There is no longer an extra frame for the list comprehension. The frame for the f function has the correct line number for the comprehension, however, so this simply makes the traceback more compact without losing any useful information.

It is theoretically possible that code using warnings with the stacklevel argument could observe a behavior change due to the frame stack change. In practice, however, this seems unlikely. It would require a warning raised in library code that is always called through a comprehension in that same library, where the warning is using a stacklevel of 3+ to bypass the comprehension and its containing function and point to a calling frame outside the library. In such a scenario it would usually be simpler and more reliable to raise the warning closer to the calling code and bypass fewer frames.

Tracing/profiling will no longer show a call/return for the comprehension

Naturally, since list/dict/set comprehensions will no longer be implemented as a call to a nested function, tracing/profiling using sys.settrace or sys.setprofile will also no longer reflect that a call and return have occurred.

Impact on other Python implementations

Per comments from representatives of GraalPython and PyPy, they would likely feel the need to adapt to the observable behavior changes here, given the likelihood that someone, at some point, will depend on them. Thus, all else equal, fewer observable changes would be less work. But these changes (at least in the case of GraalPython) should be manageable “without much headache”.

How to Teach This

It is not intuitively obvious that comprehension syntax will or should result in creation and call of a nested function. For new users not already accustomed to the prior behavior, I suspect the new behavior in this PEP will be more intuitive and require less explanation. (“Why is there a <listcomp> line in my traceback when I didn’t define any such function? What is this .0 variable I see in locals()?”)

Security Implications

None known.

Reference Implementation

This PEP has a reference implementation in the form of a PR against the CPython main branch which passes all tests.

The reference implementation performs the micro-benchmark ./python -m pyperf timeit -s 'l = [1]' '[x for x in l]' 1.96x faster than the main branch (in a build compiled with --enable-optimizations.)

The reference implementation performs the comprehensions benchmark in the pyperformance benchmark suite (which is not a micro-benchmark of comprehensions alone, but tests real-world-derived code doing realistic work using comprehensions) 11% faster than main branch (again in optimized builds). Other benchmarks in pyperformance (none of which use comprehensions heavily) don’t show any impact outside the noise.

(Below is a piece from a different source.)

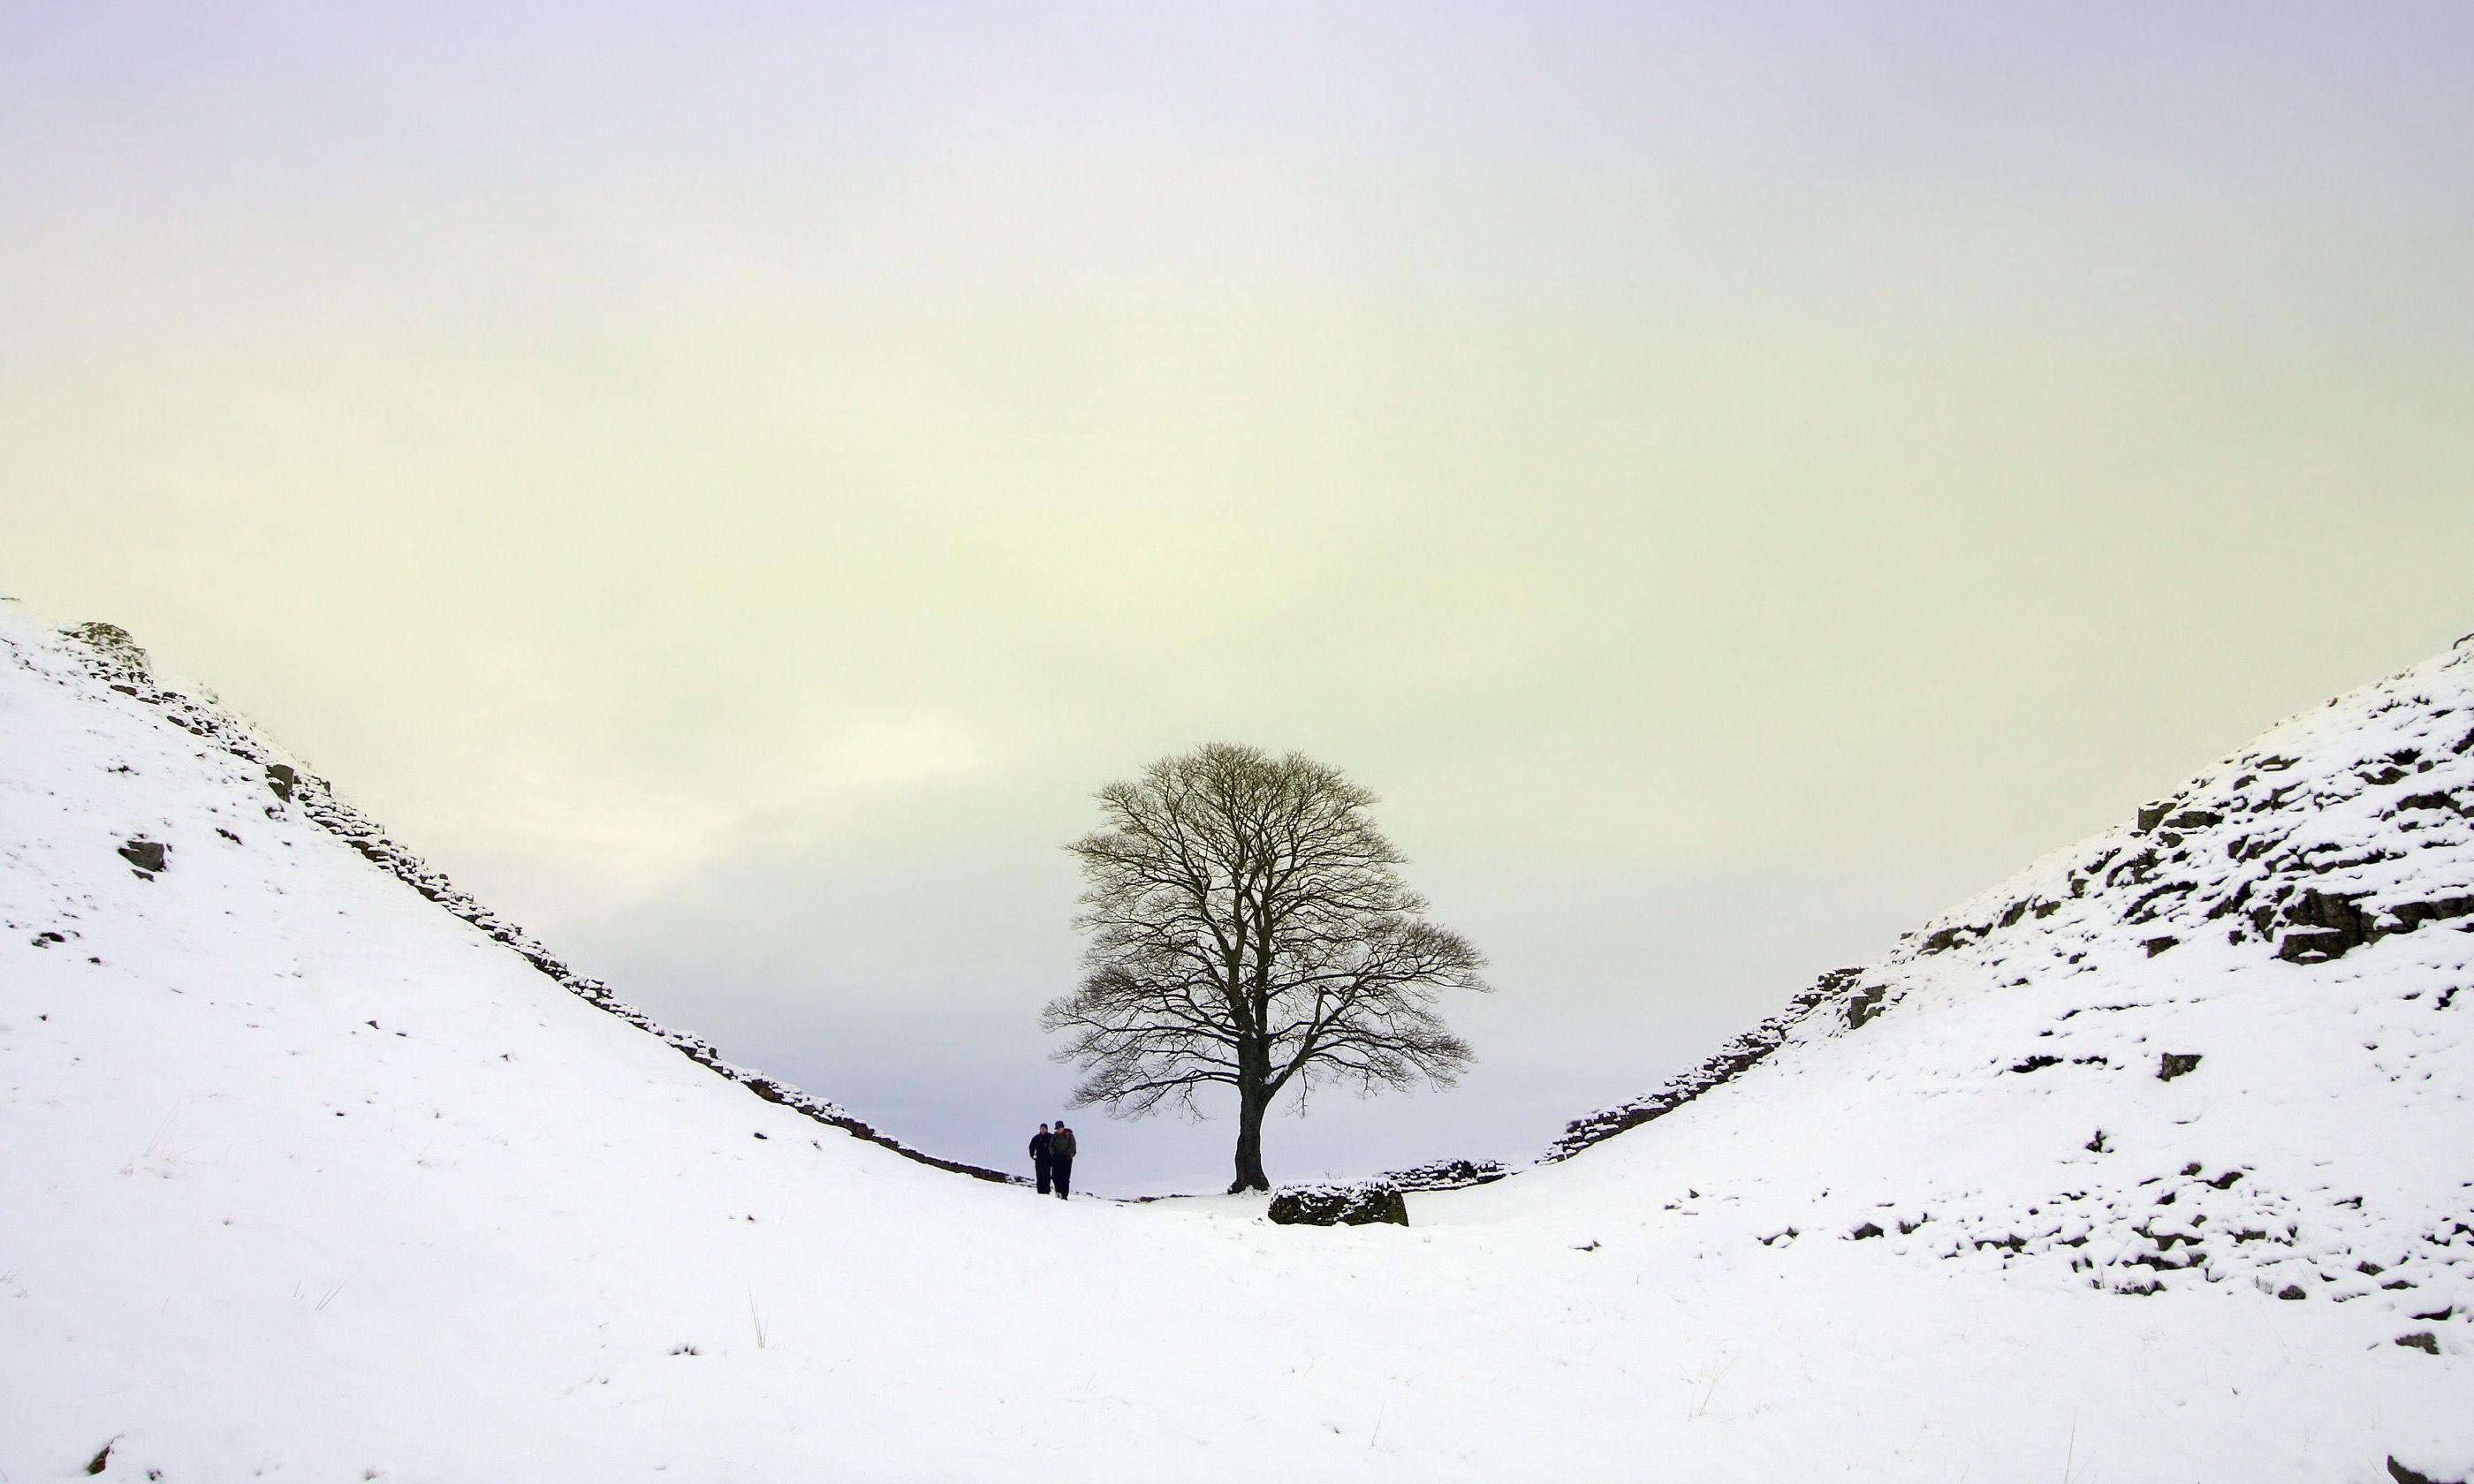 Winter at Sycamore Gap (Dreamstime)

The implementation has no impact on non-comprehension code.

Rejected Ideas

More efficient comprehension calling, without inlining

An alternate approach introduces a new opcode for “calling” a comprehension in streamlined fashion without the need to create a throwaway function object, but still creating a new Python frame. This avoids all of the visible effects listed under Backwards Compatibility, and provides roughly half of the performance benefit (1.5x improvement on the microbenchmark, 4% improvement on comprehensions benchmark in pyperformance.) It also requires adding a new pointer to the _PyInterpreterFrame struct and a new Py_INCREF on each frame construction, meaning (unlike this PEP) it has a (very small) performance cost for all code. It also provides less scope for future optimizations.

This PEP takes the position that full inlining offers sufficient additional performance to more than justify the behavior changes.